─── Data provided

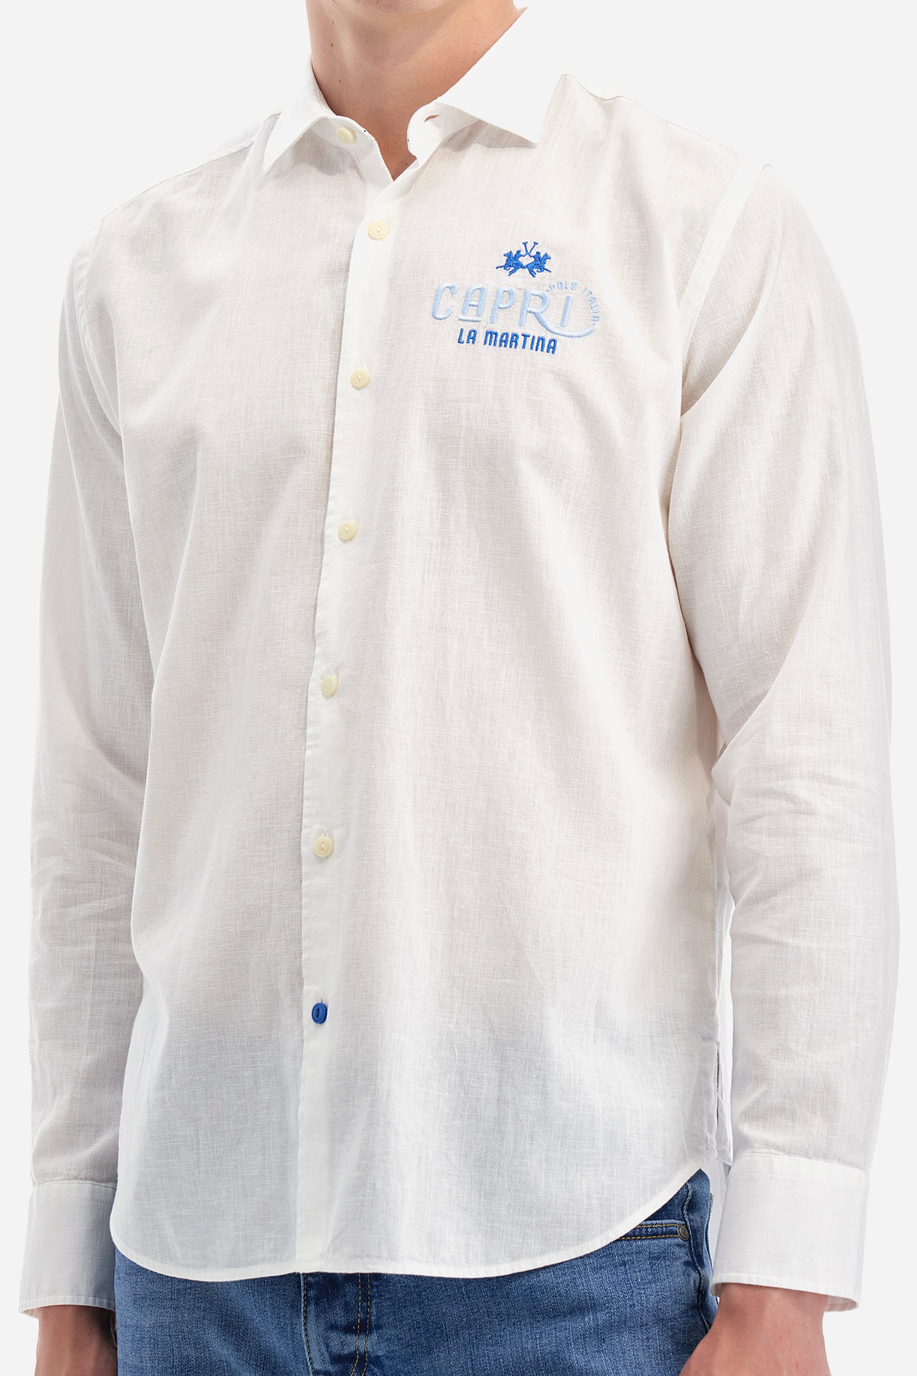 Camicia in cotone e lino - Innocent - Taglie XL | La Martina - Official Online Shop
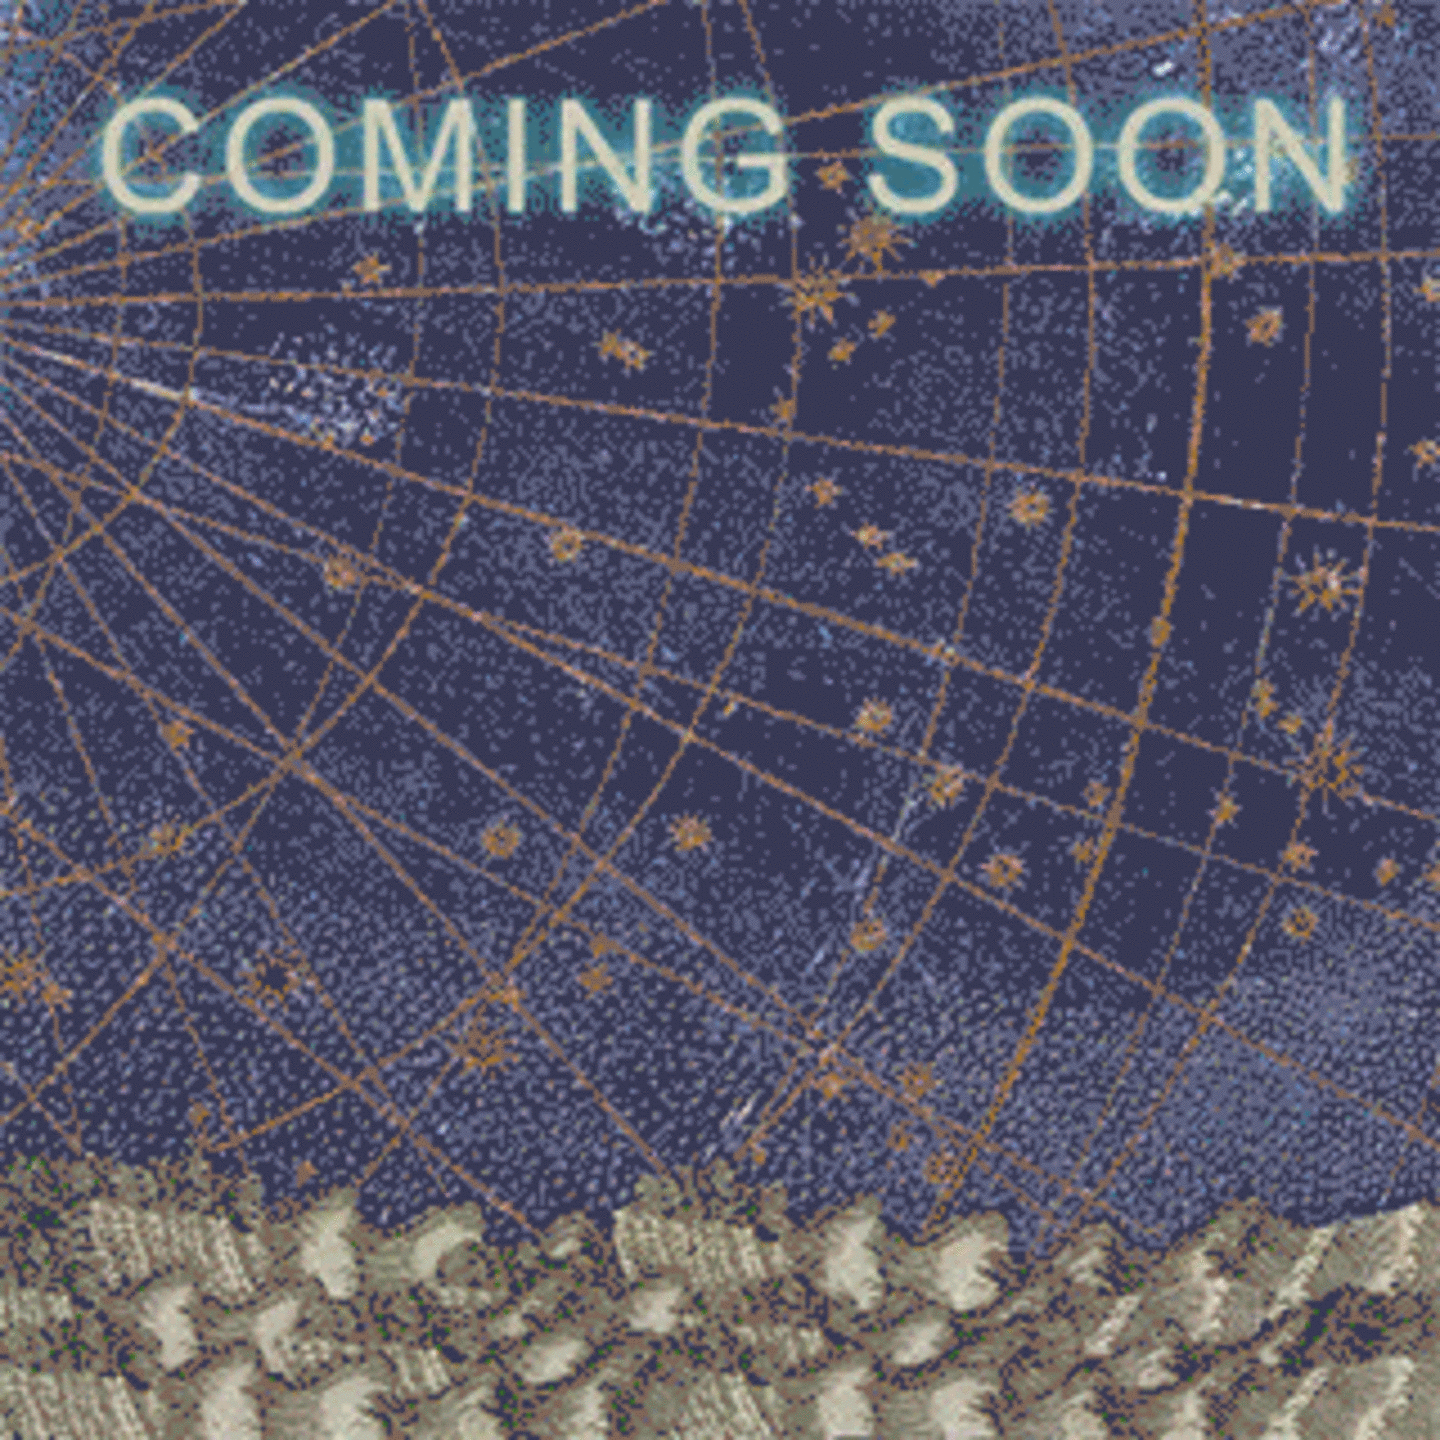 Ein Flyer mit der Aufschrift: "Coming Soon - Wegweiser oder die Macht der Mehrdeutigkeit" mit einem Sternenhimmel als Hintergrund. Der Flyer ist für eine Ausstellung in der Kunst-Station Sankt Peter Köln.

──────
─── Data provided

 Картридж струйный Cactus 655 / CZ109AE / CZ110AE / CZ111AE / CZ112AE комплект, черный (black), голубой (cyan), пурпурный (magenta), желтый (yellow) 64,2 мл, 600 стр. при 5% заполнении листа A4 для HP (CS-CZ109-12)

──────
─── Data provided

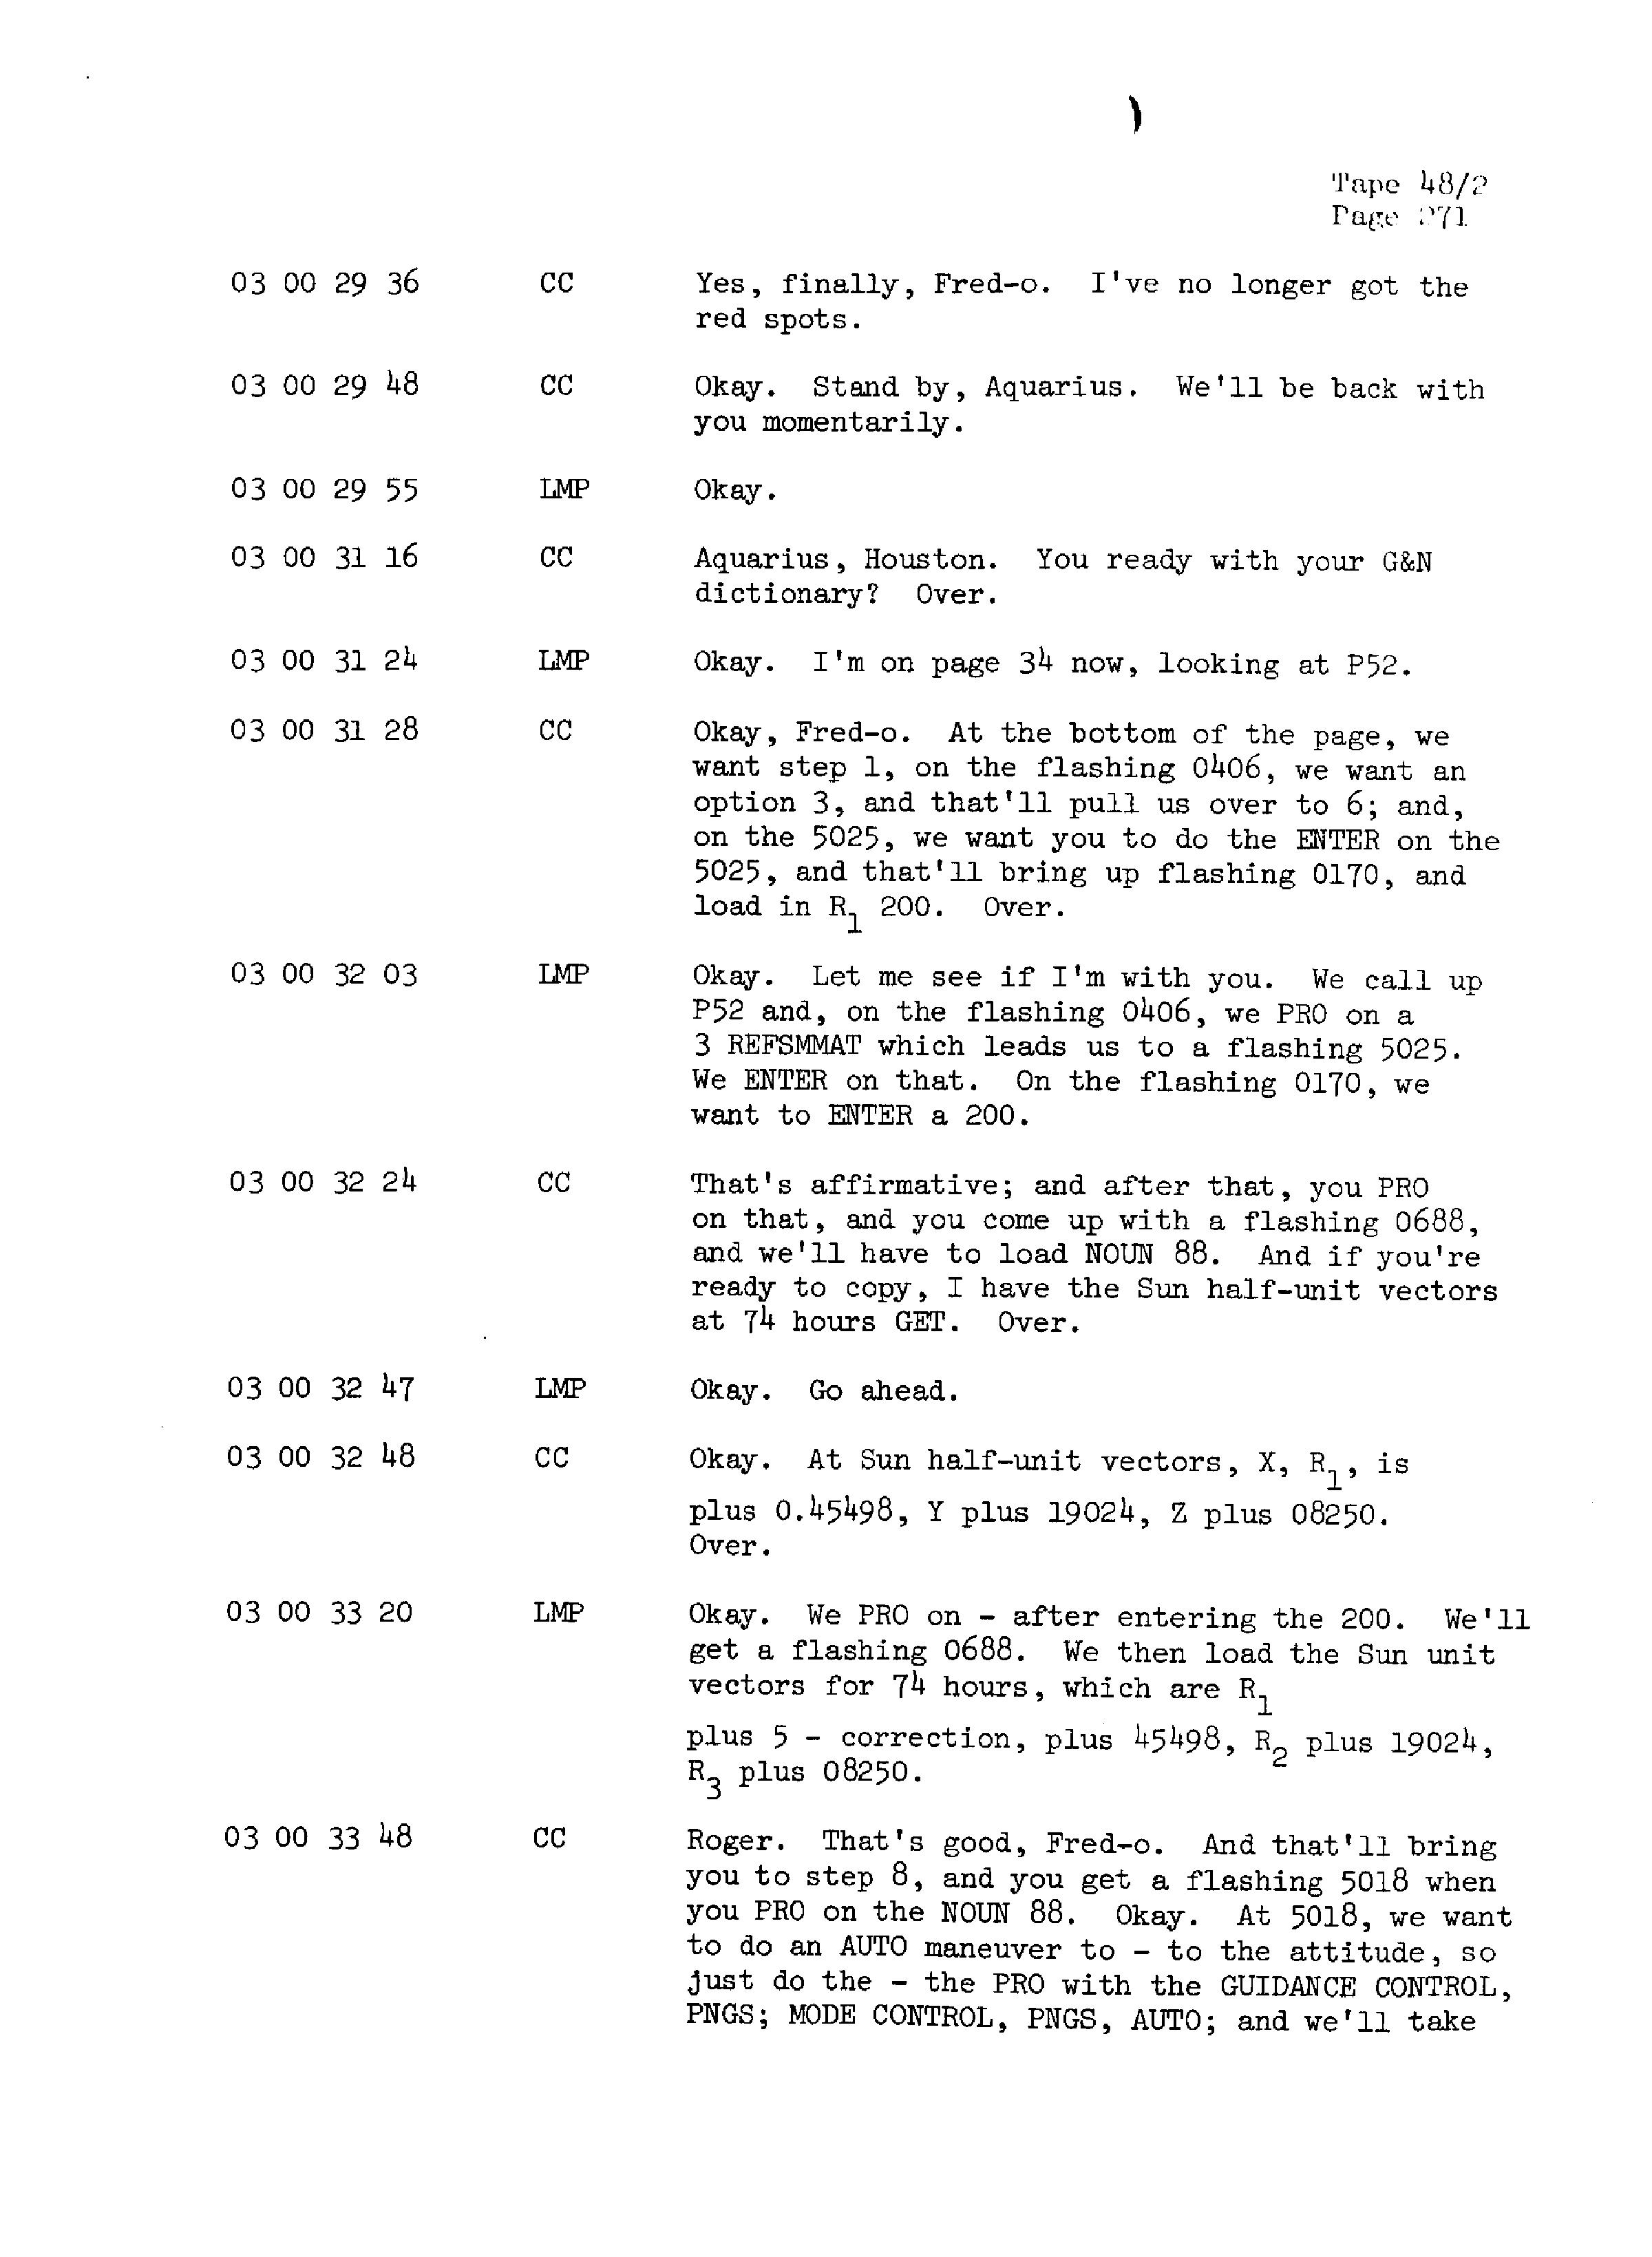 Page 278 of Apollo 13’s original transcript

──────

- Prompt
Beginning with the line holding "Camicia in cotone" in the material above, restate word for word each line through the line holding "Ein Flyer mit", and exclude pictures.

- Your response
 Camicia in cotone e lino - Innocent - Taglie XL | La Martina - Official Online Shop
 Ein Flyer mit der Aufschrift: "Coming Soon - Wegweiser oder die Macht der Mehrdeutigkeit" mit einem Sternenhimmel als Hintergrund. Der Flyer ist für eine Ausstellung in der Kunst-Station Sankt Peter Köln.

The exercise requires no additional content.